## Problem to work on
Go through the listing that follows and write it out exactly. Drop the pictures.

## Supplied information
▽

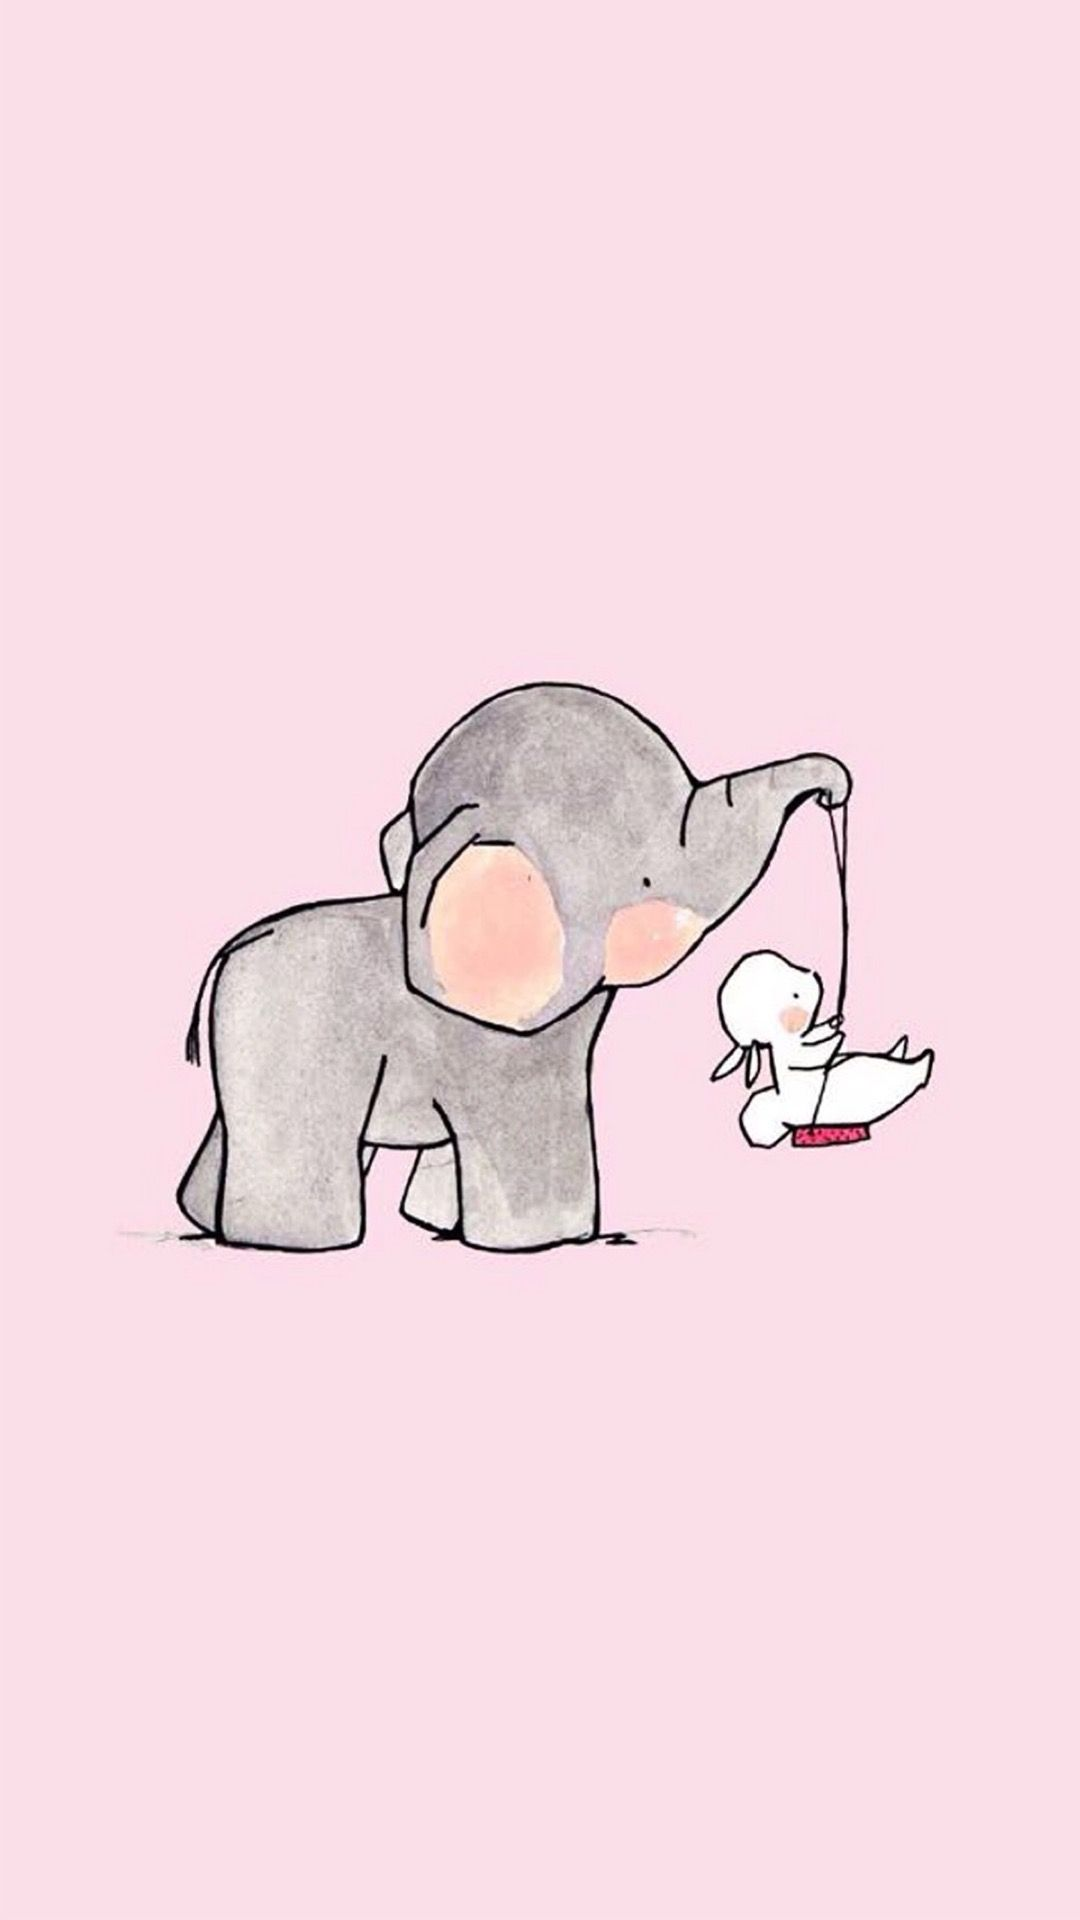 Baby Elephants With Mother Cute Wallpaper Jpg 1920 1080 Tiere Niedliche Tiere Elefanten
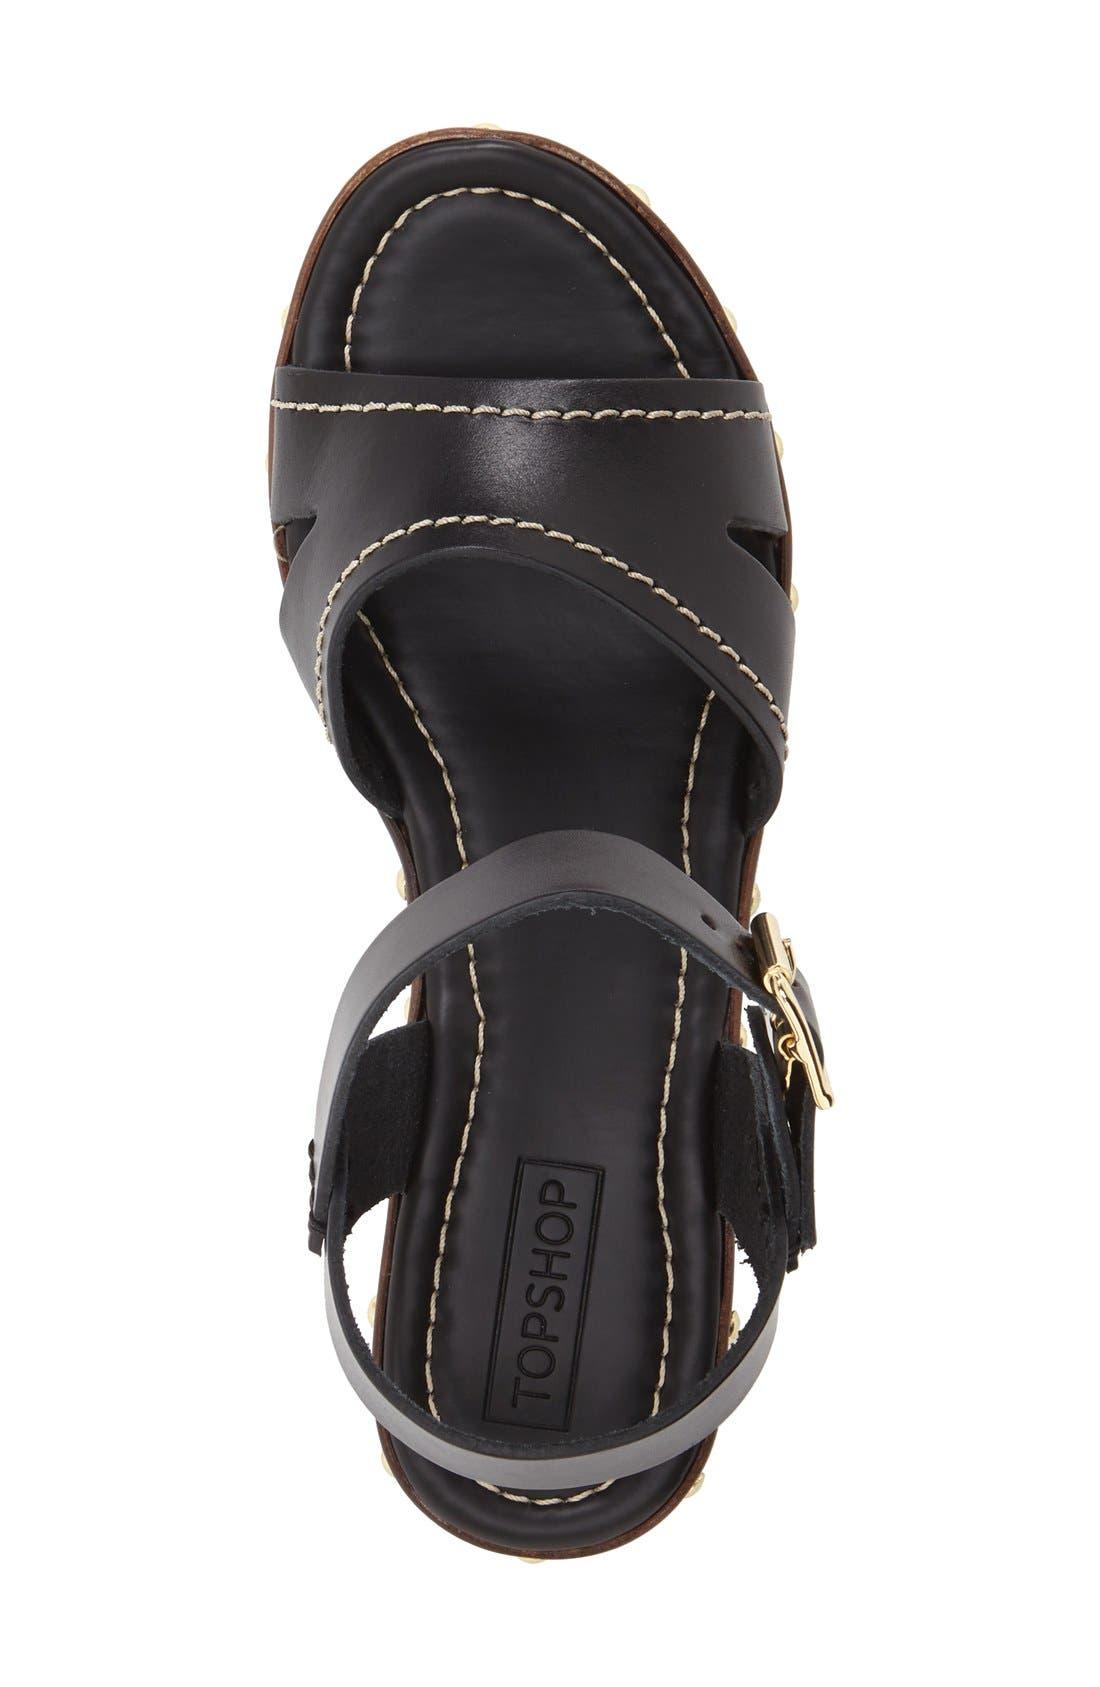 'VIV' Clog Sandals,                             Alternate thumbnail 3, color,                             Black
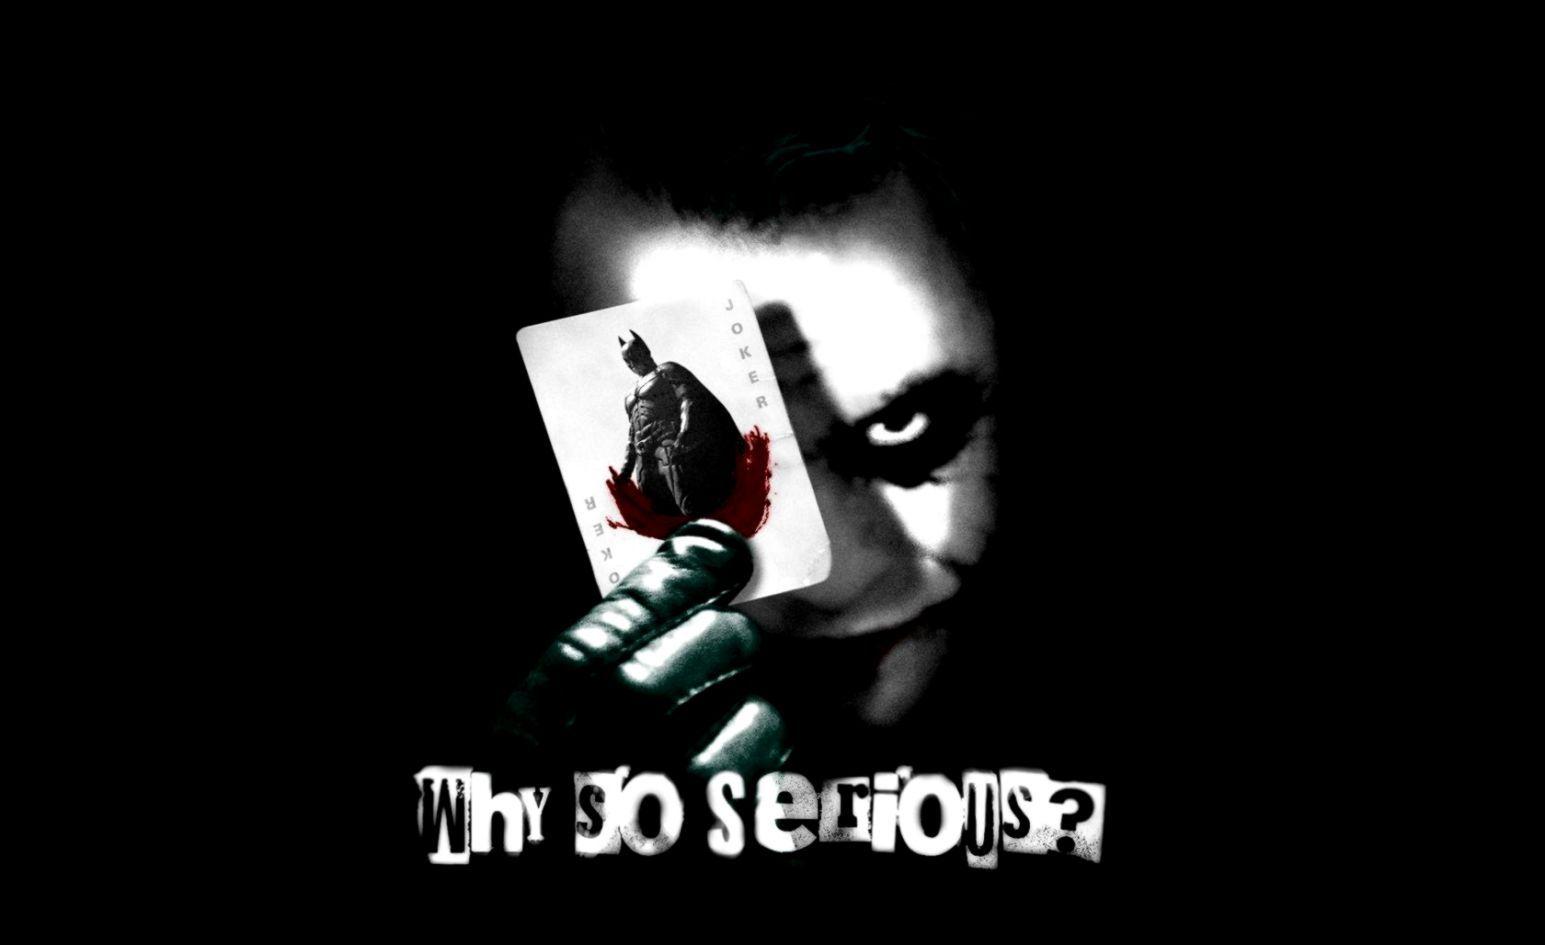 Joker Black And White Wallpapers Wallpaper Cave

△

## Written answer
 Baby Elephants With Mother Cute Wallpaper Jpg 1920 1080 Tiere Niedliche Tiere Elefanten
 'VIV' Clog Sandals,                             Alternate thumbnail 3, color,                             Black
 Joker Black And White Wallpapers Wallpaper Cave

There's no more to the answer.